Two films out of Cannes likely will end up competing for Best Animated Feature: Disney/Pixar’s Inside Out and Paramount/The Weinstein Company/Warner Bros’ The Little Prince. The latter, which gets a French release in July and will go out in the U.S. via Paramount (still undated), had perhaps the biggest blowout Cannes party of the year last Friday night as the fest was winding down. Being a very French movie, no expense was spared in the building of a giant domed party tent with live musical performances, cotton candy and other goodies and stuffed toys for guests. The movie was great too, by the way. But Inside Out, which I saw at CinemaCon in March, has to be considered the front-runner right now and also had a none-too-shabby party on the beach itself. Inside Out actually has a shot for a Best Picture nomination as well, which happened with director Pete Docter’s previous film, 2009’s Up, which also debuted in Cannes.

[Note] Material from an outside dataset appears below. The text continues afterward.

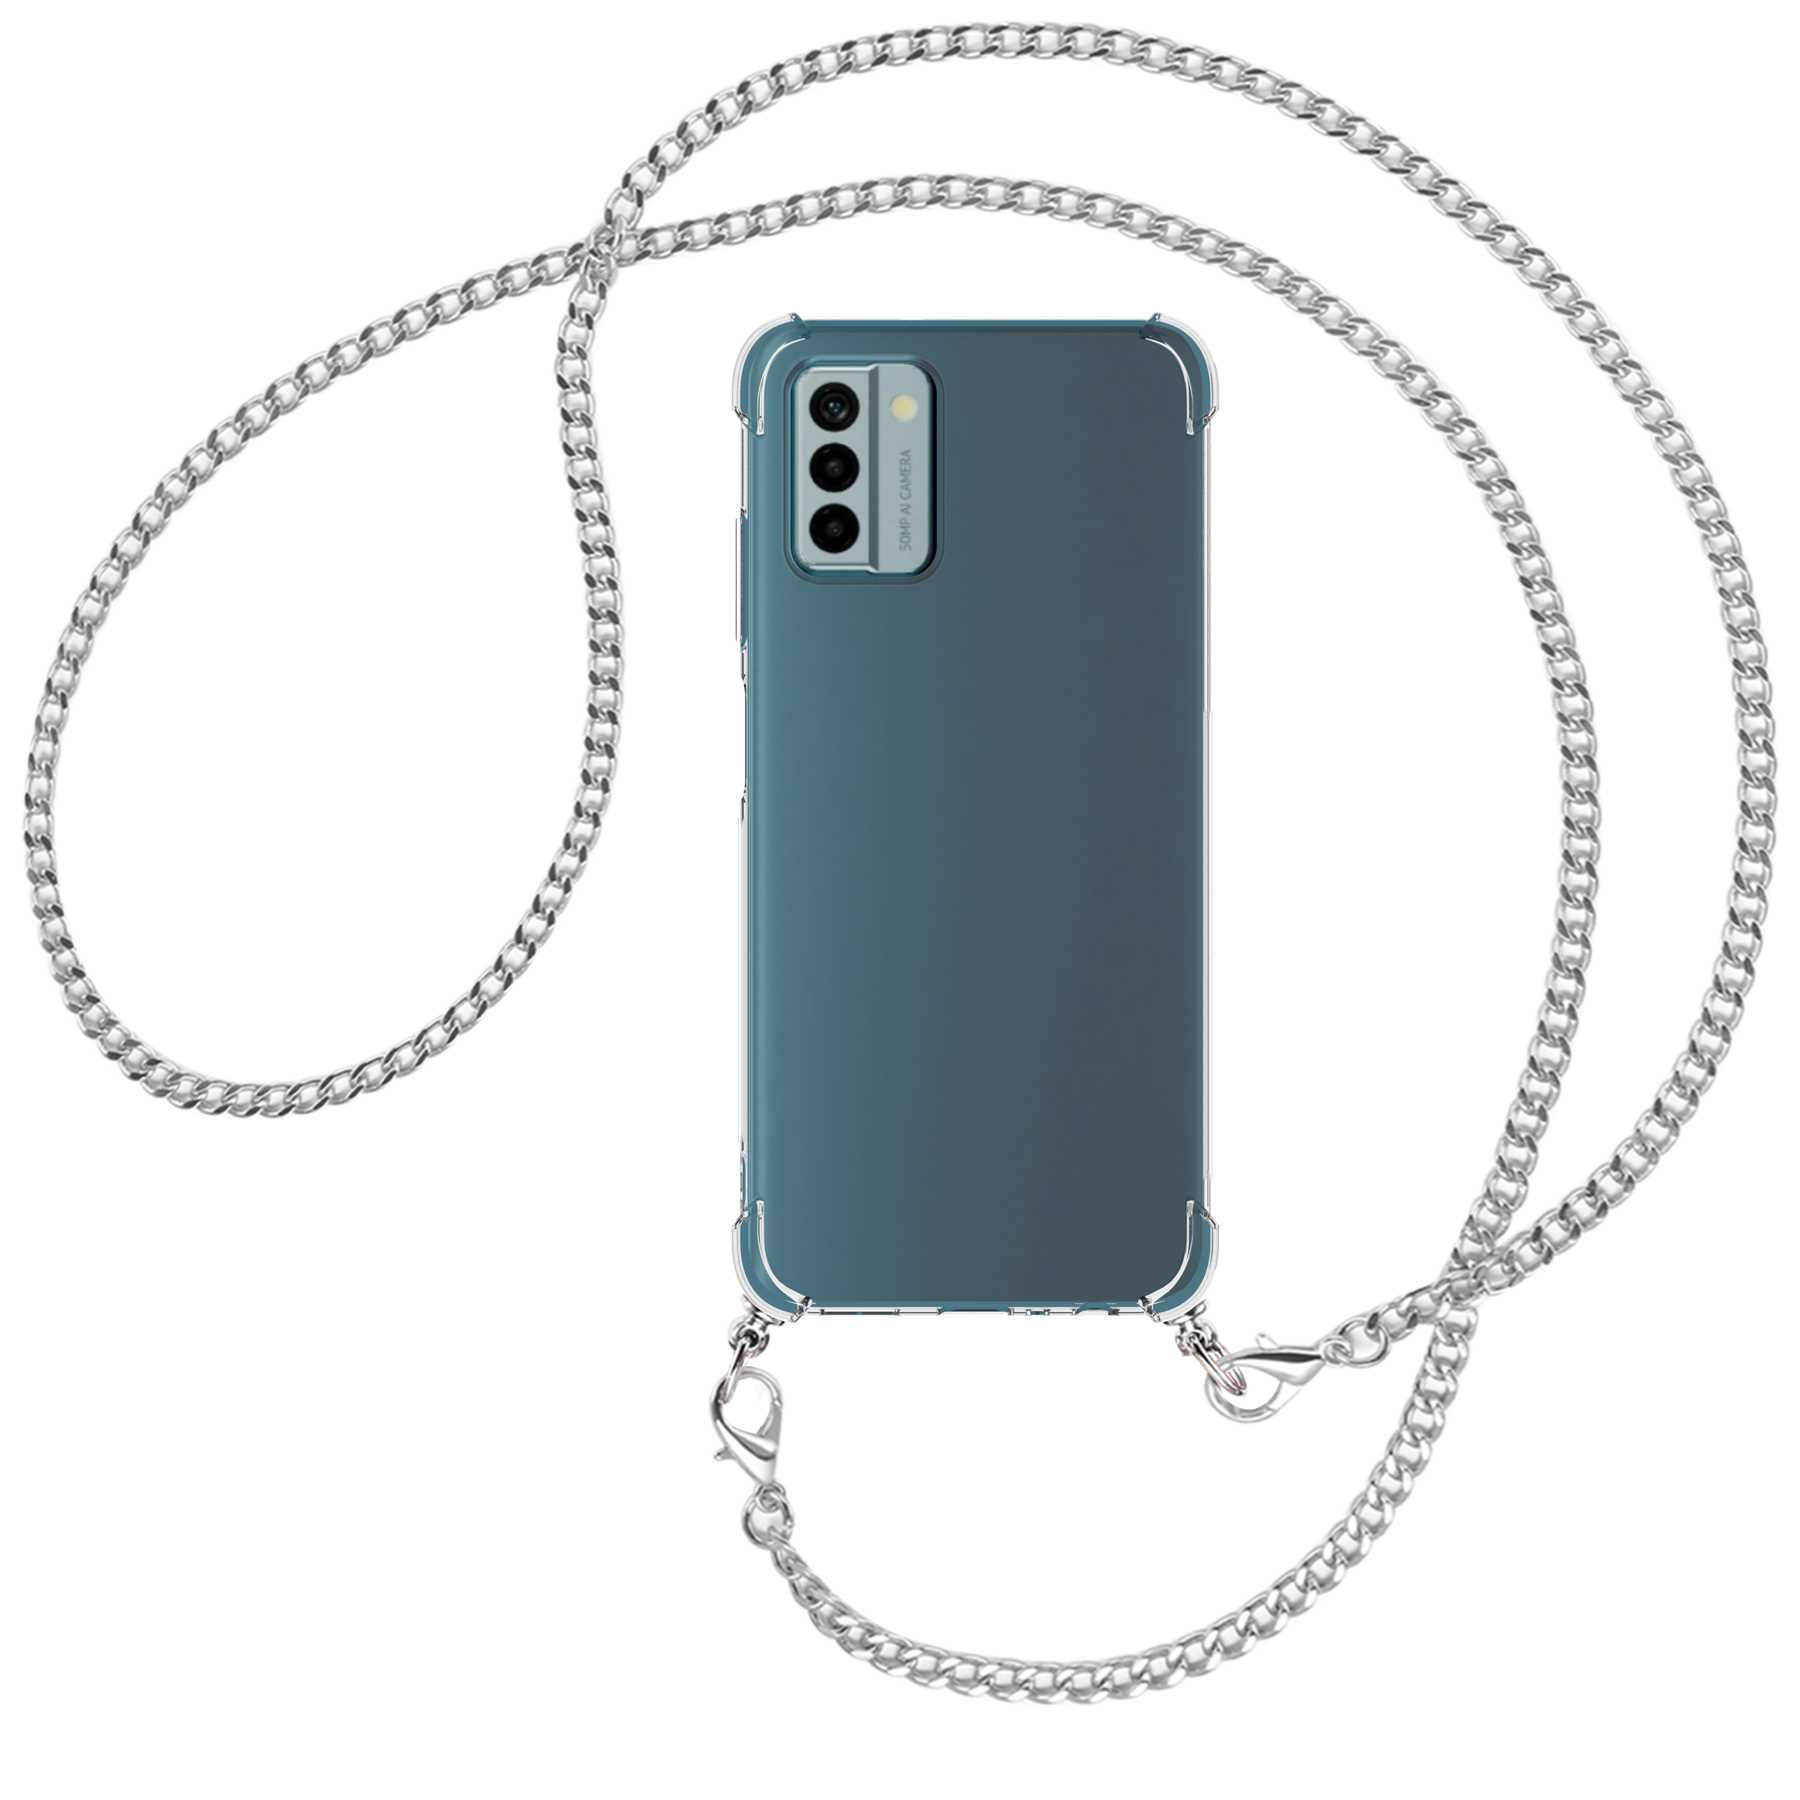 MTB MORE ENERGY Umhänge-Hülle G22, Nokia, Metallkette, Kette (silber) mit Backcover

One area where Cannes always makes a mark on the race is with the Foreign Language Film category. Cannes basically sets the table for this, but this year many of the top foreign directors who have been past nominees and winners were working in English, making their films ineligible for the race. That list includes Sorrentino, The Lobster’s Yorgos Lanthimos, Louder Than Bombs’ Joachim Trier, Tale Of Tales’ Matteo Garrone and Chronic’s Franco. Conversely, Natalie Portman made her directorial debut in Hebrew with A Tale Of Love And Darkness, which could be a contender from Israel, though it got a mixed response from the Cannes crowd. The French are likely to submit Jacques Audiard’s Palme d’Or winner Dheepan, but they have another winner in Directors’ Fortnight honoree My Golden Days from Arnaud Desplechin. It actually managed better reviews than Dheepan and might be more up the Academy’s alley, but politics probably will play a part in making this determination, and it is hard to overlook a Palme winner. But the early Oscar favorite in the race, coming out of Cannes at least, certainly is Grand Prize winner Son Of Saul, from first-time filmmaker Laszlo Nemes of Hungary. Sony Pictures Classics snatched this one up quickly and will give it a year-end release to qualify in other categories as well. SPC’s Michael Barker told me he is convinced its leading man, Geza Rohrig, will land a Best Actor nom. It would be quite a story as Rohrig is really a poet, not an actor, but he’s stunning in this Holocaust story that is sure to make a splash in the nascent Oscar race.